Re:Not quite following

Alias on 2008-09-15T04:34:35

Removing the need for STAT_TTL is a minor convenience.

But a more interesting improvement is in two main scenarios.

Firstly, when you don't want to load all your templates, but you still don't want to allow for infinite cache growth.

Anything loaded before the fork should NEVER be destroyed, as the mere recycling of that memory becomes the USE (and bloat) of that memory. Better to isolate the "free" templates from the rest of the caching logic.

And secondly, it's a much simpler cache (just a hash) compared to the built in one, which is a linked list with stat times, and a hash index over the top.

That cache routinely re-orders the linked list each time it retrieves a template, so while both mechanism don't memory bloat as a result of the Template::Document objects themselves, the default cache will continuously cycle the template structure, which will result in memory bloat for those memory structures.

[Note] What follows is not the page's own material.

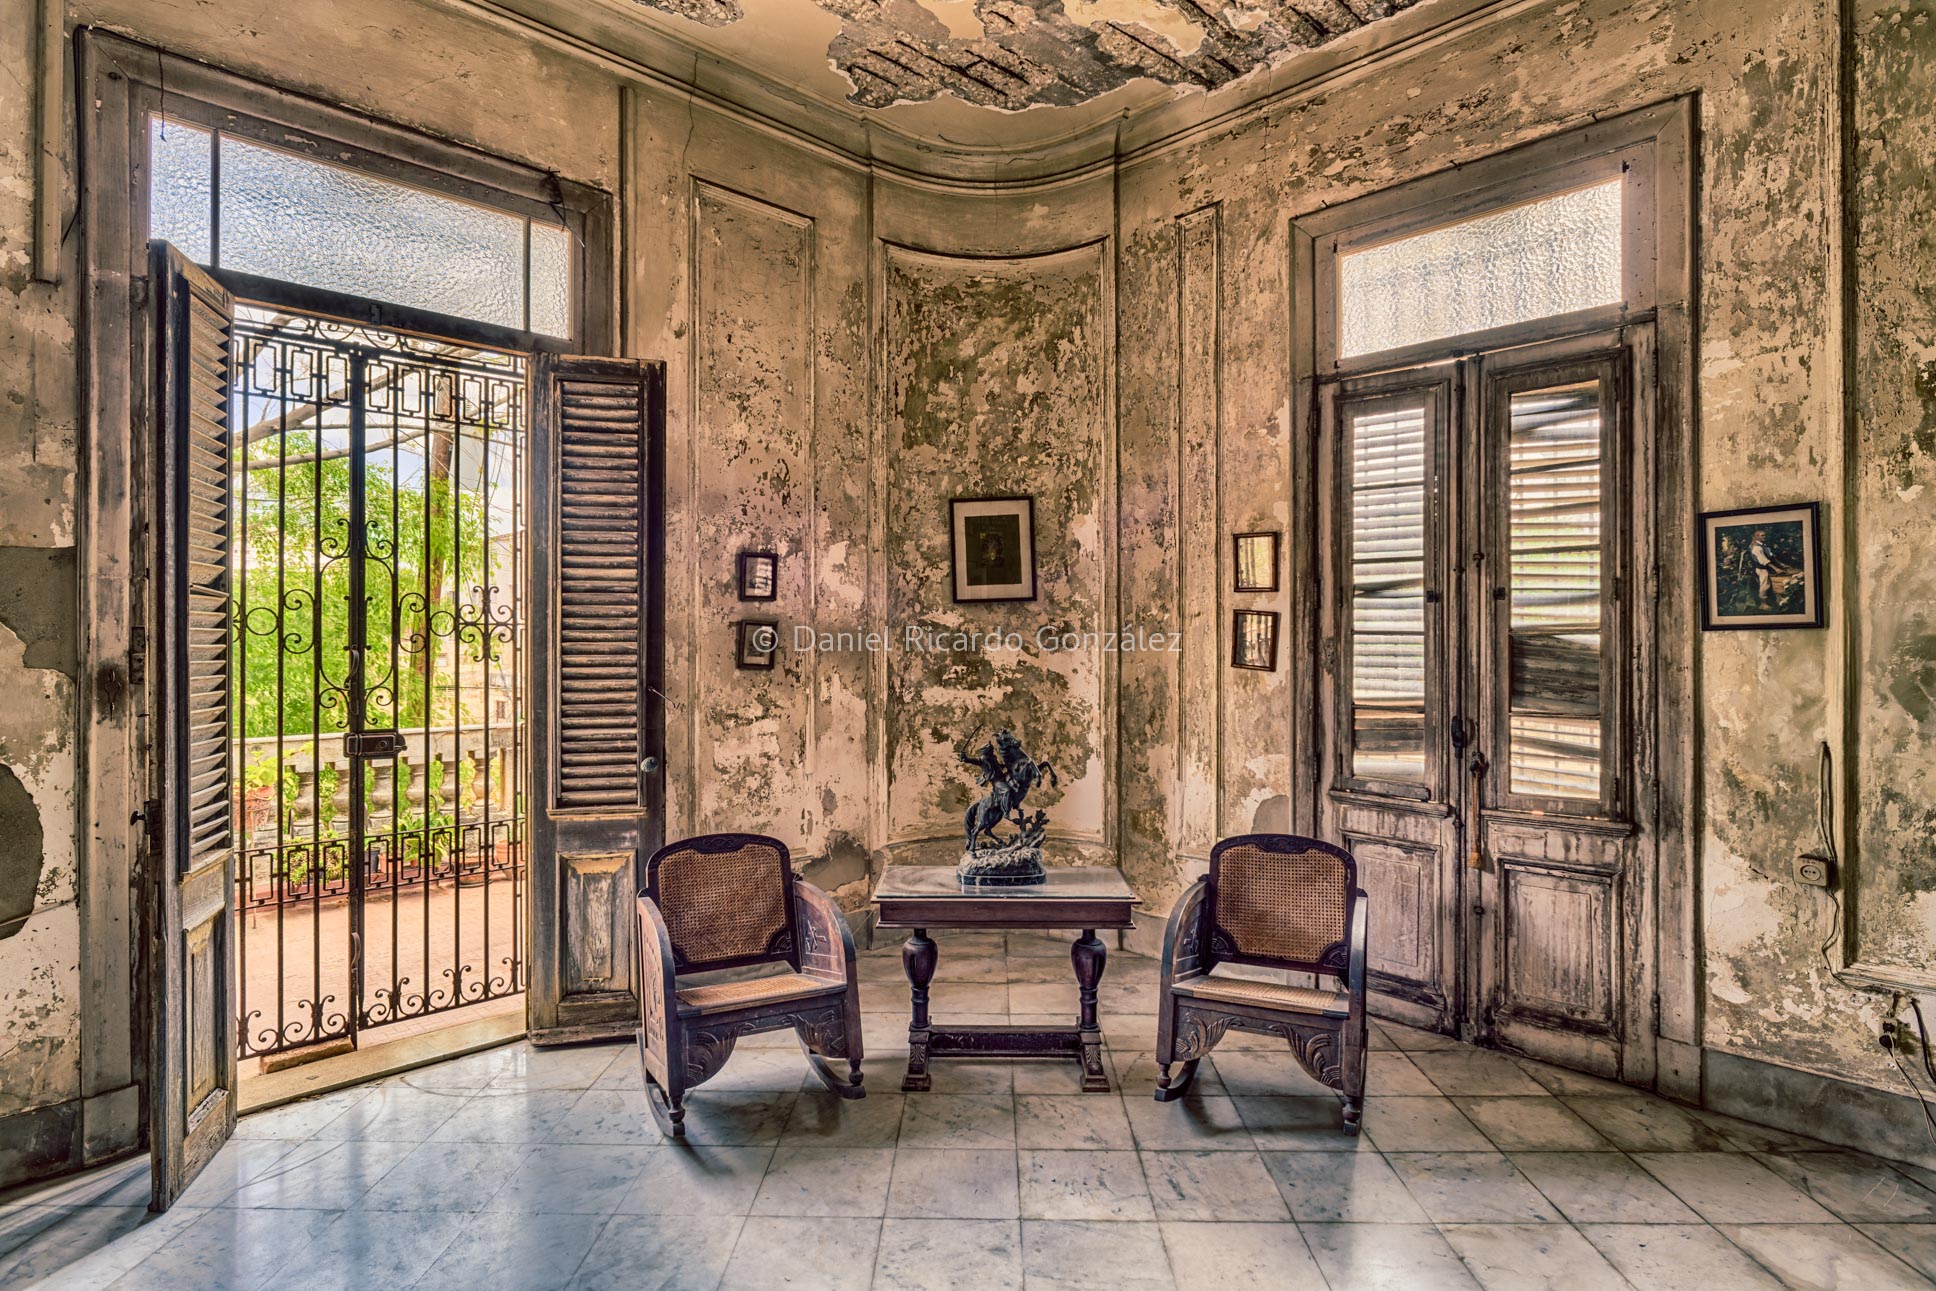 Lost Place Raucherzimmer Herrenzimmer alte Villa Havanna Kuba:Lost Place smoking room mansion old mansion Havana Cuba.
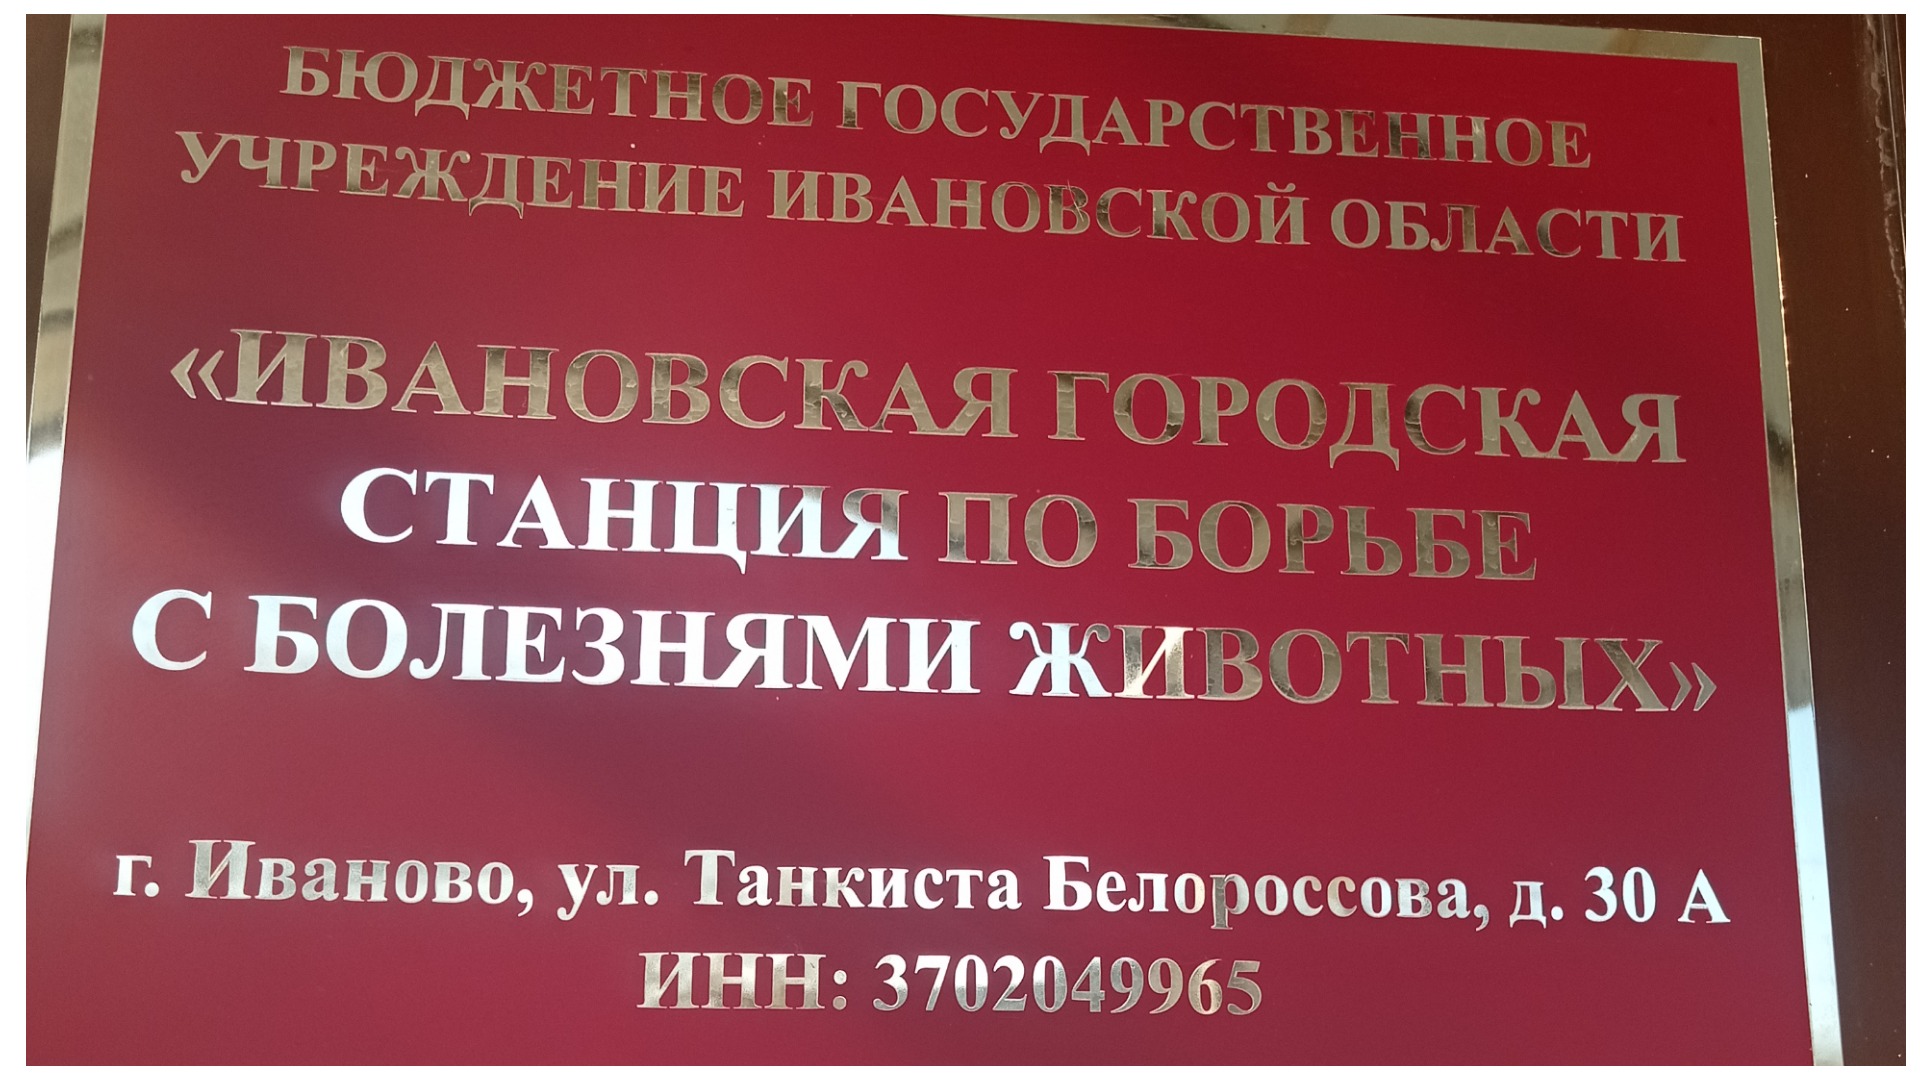 Ветеринарная клиника на Белороссова, Иваново.

So the time for Template::Provider->fetch to run, and the memory use it results in, is reduced dramatically. We go from multiple layers of checks, multiple method calls, a call to get the system time, and linked list reordering, to a single hash call.

It may not save gigabytes of RAM and big percentages of CPU, but it does result in the operation of fetching a Template::Document being made about as efficient as it is possible to be. It completely recovers all potential resource savings available from caching.